For the past three years, Utah has piloted an option for counties to offer Election Day voter registration. In order to vote, Election Day registrants cast a provisional ballot, but only after showing identification. Once the clerks validate the eligibility of a voter, they count the ballot.
In 2014, five counties participated: Kane, Sanpete, Davis, Weber and Salt Lake. In 2015, some 57 municipalities participated and the program was expanded to use during early voting. In 2016, three more counties joined the original five: San Juan, Cache and Millard. The goal of the three-year term was for the clerks to offer the program during three types of elections municipal, midterm and presidential.
The years 2014 and 2015 saw no major concerns. Complications of the 2016 elections have led many in Utah's GOP leadership to attribute the large lines that overwhelmed some county polling places to Election Day registration. The thing is, for most of the pilot counties, the numbers prove otherwise:
In four of the counties that participated all three years, the number of provisional ballots dropped markedly. From 2012 to 2016 there was a drop of 46 percent in Salt Lake County, 49 percent in Davis, 42 percent in Weber and 43 percent in Sanpete.
For counties that participated in 2016, the vast majority of provisional ballots cast were not Election Day registration ballots. Not by a long shot. Even for Cache County, which had a large provisional ballot count of 3,825 in 2016 (compared with 693 in 2012), only 922 were Election Day registrants.
GOP leaders also refuse to acknowledge that more GOP Election Day ballots were cast than Democratic ballots in pilot counties, with the exception of those cast in Salt Lake County. Notably, more unaffiliated voters took advantage of Election Day registration in total. Urban myths of vans of Democrats potentially being deposited at Election Day voting sites have just not been borne out.

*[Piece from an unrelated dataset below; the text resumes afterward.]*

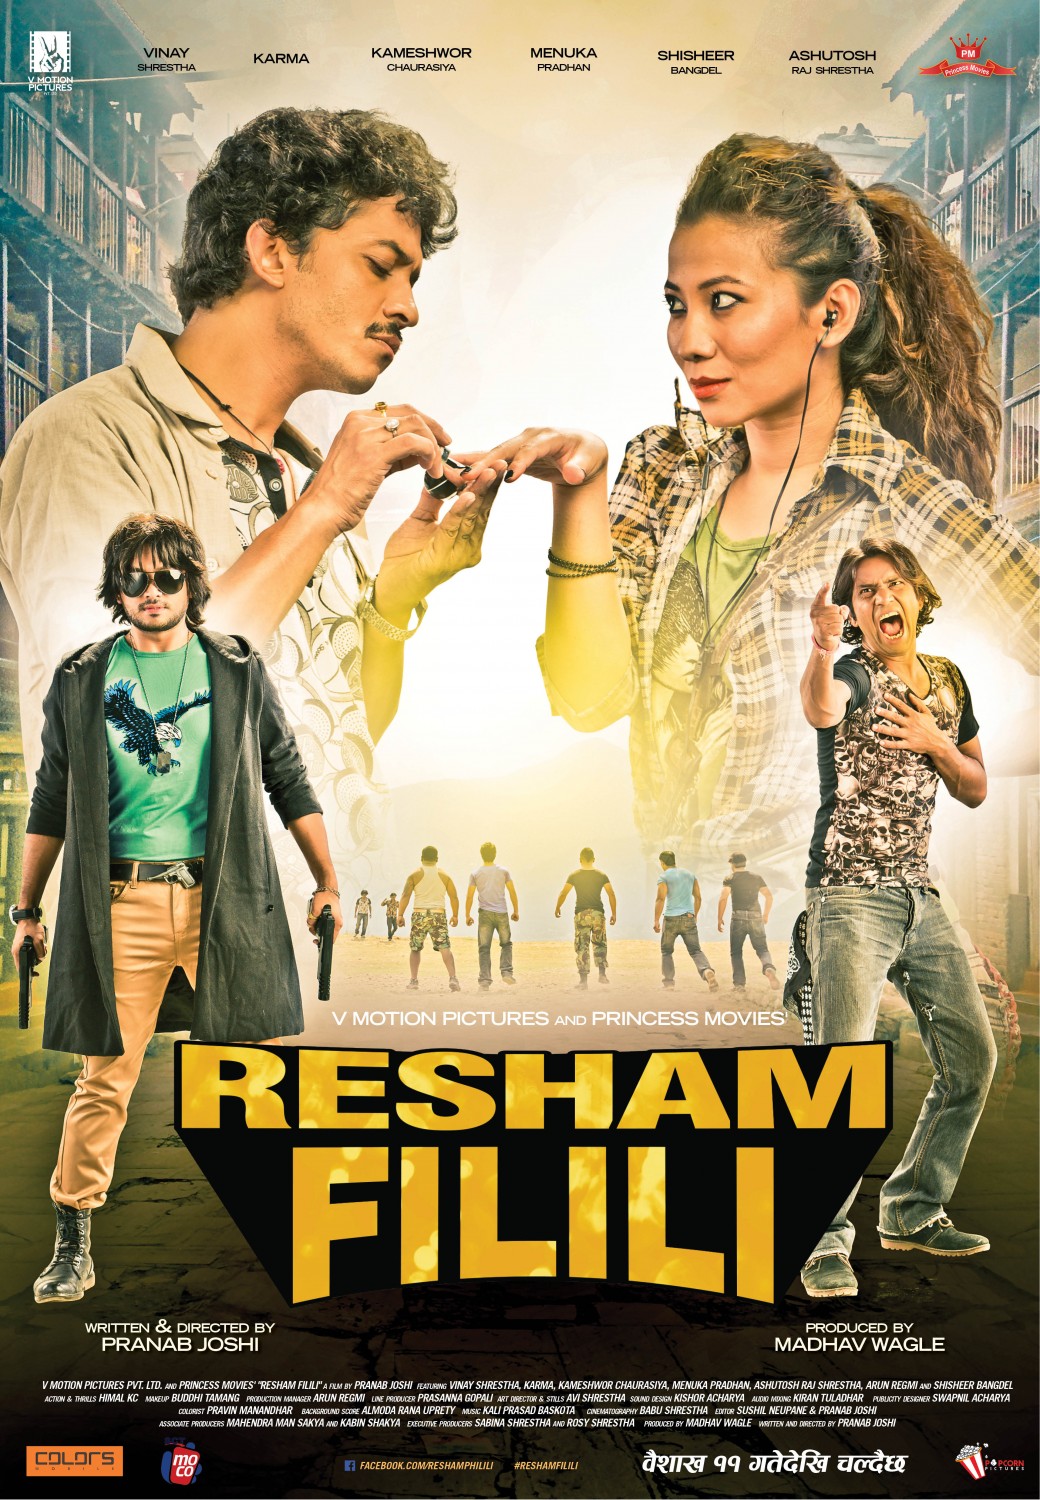 Extra Large Movie Poster Image for Resham Filili (#5 of 11)

Considering many Republicans waited till late in the game to cast their 2016 ballots (and traditionally do so more than Democrats), GOP voters likely benefited more due to the pilot program. And, given potential pushback to the GOP in 2018 midterms because of the extreme nature of our new presidential administration, Utah's EDR law might be just what the GOP needs going forward.
Lines existed across the state. Utah County experienced dramatic lines on Election Day and has never participated in Election Day registration. Lines will diminish if legislation providing automatic voter registration, expanding early voting to the day before Election Day and allowing clerks to open more polls later in the elections process all pass. We need to do all we can to encourage voters to participate, including solving the problem of lines, but eradication of a program that expands voter registration is not the solution.
We'll let the numbers speak for themselves. Real facts, not alternative ones.
Rep. Rebecca Chavez-Houck, D-Salt Lake City, sponsored Utah's three-year Election Day voter registration pilot program and is sponsoring 2017 legislation to extend the pilot project for two more years.